А последнее время Людмила с работы начала приходить с запахом коньяка и Сашку обвиняла в том, что он ни к чему не стремится, не хочет «деньгу зашибать, а ведь мог бы калымить на своей машине». Упрекала его в том, что «как деревенским был, таким остался — стыдно пройти рядом по улице». Саша видел в своей жене уже не ту красивую девчонку, по которой вздыхал до армии, сейчас она стала грубой, вульгарной и какой то чужой. Поэтому он все чаще и чаще наведывался в родной деревенский дом, к бабушке, только чтобы не слышать вечных упреков супруги.

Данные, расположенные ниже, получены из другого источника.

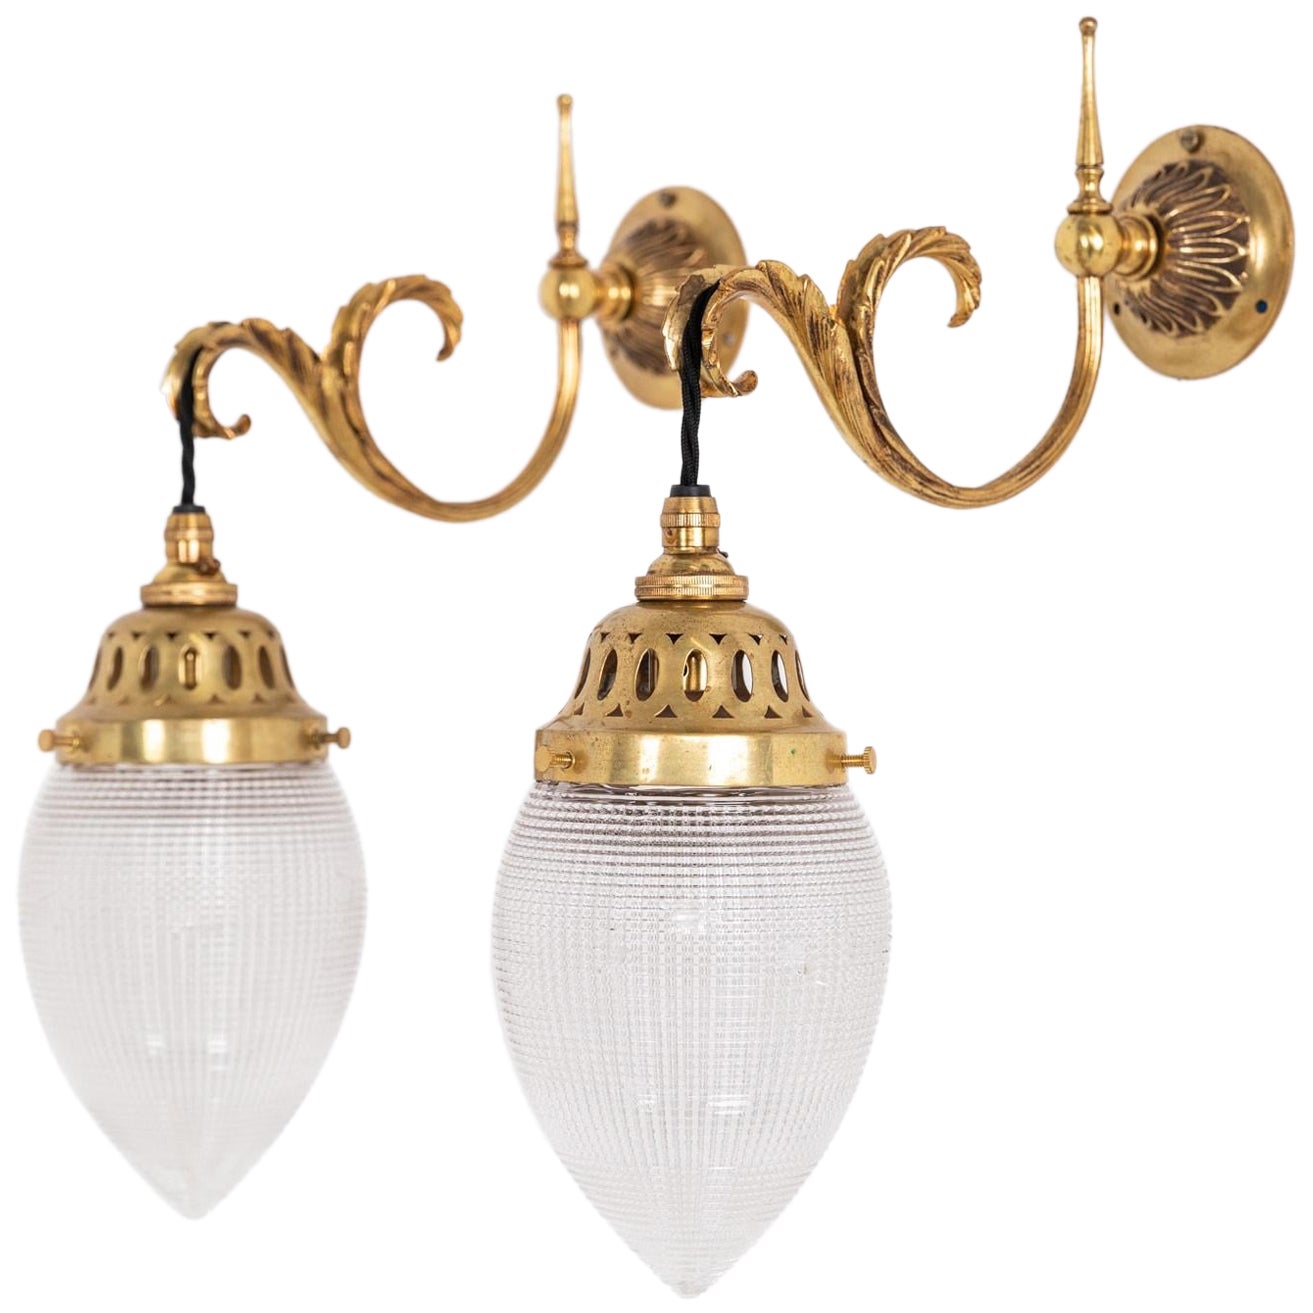 Pair of Antique Brass Osler / Holophane Wall Lamp Sconce Lights, c.1920

В комнату вошел Сашка и обе старушки вздрогнули от неожиданности, когда он ударил кружкой об край ведра, чтобы зачерпнуть в нее воды.

- Ой, Саш, испужал. Садись ка чайку испей, пока горячий, - засуетилась Ефимовна, придвигая к столу табуретку.

- Ладно, пойду я к себе, спасибо за добрый прием, - поднялась со стула Нюра, - Надо в гости собираться. Слыхали небось, что Андрея, жениха Маринкиного, завтра в армию забирают? Вот, пригласил нас на проводы.

- Андрюшку, в армию? Надо же, как время то летит,совсем малец еще был, - удивленно воскликнул Сашка, - Баба Нюра, я к тебе чуть позже загляну, дров нарубить. Передохну немного и приду.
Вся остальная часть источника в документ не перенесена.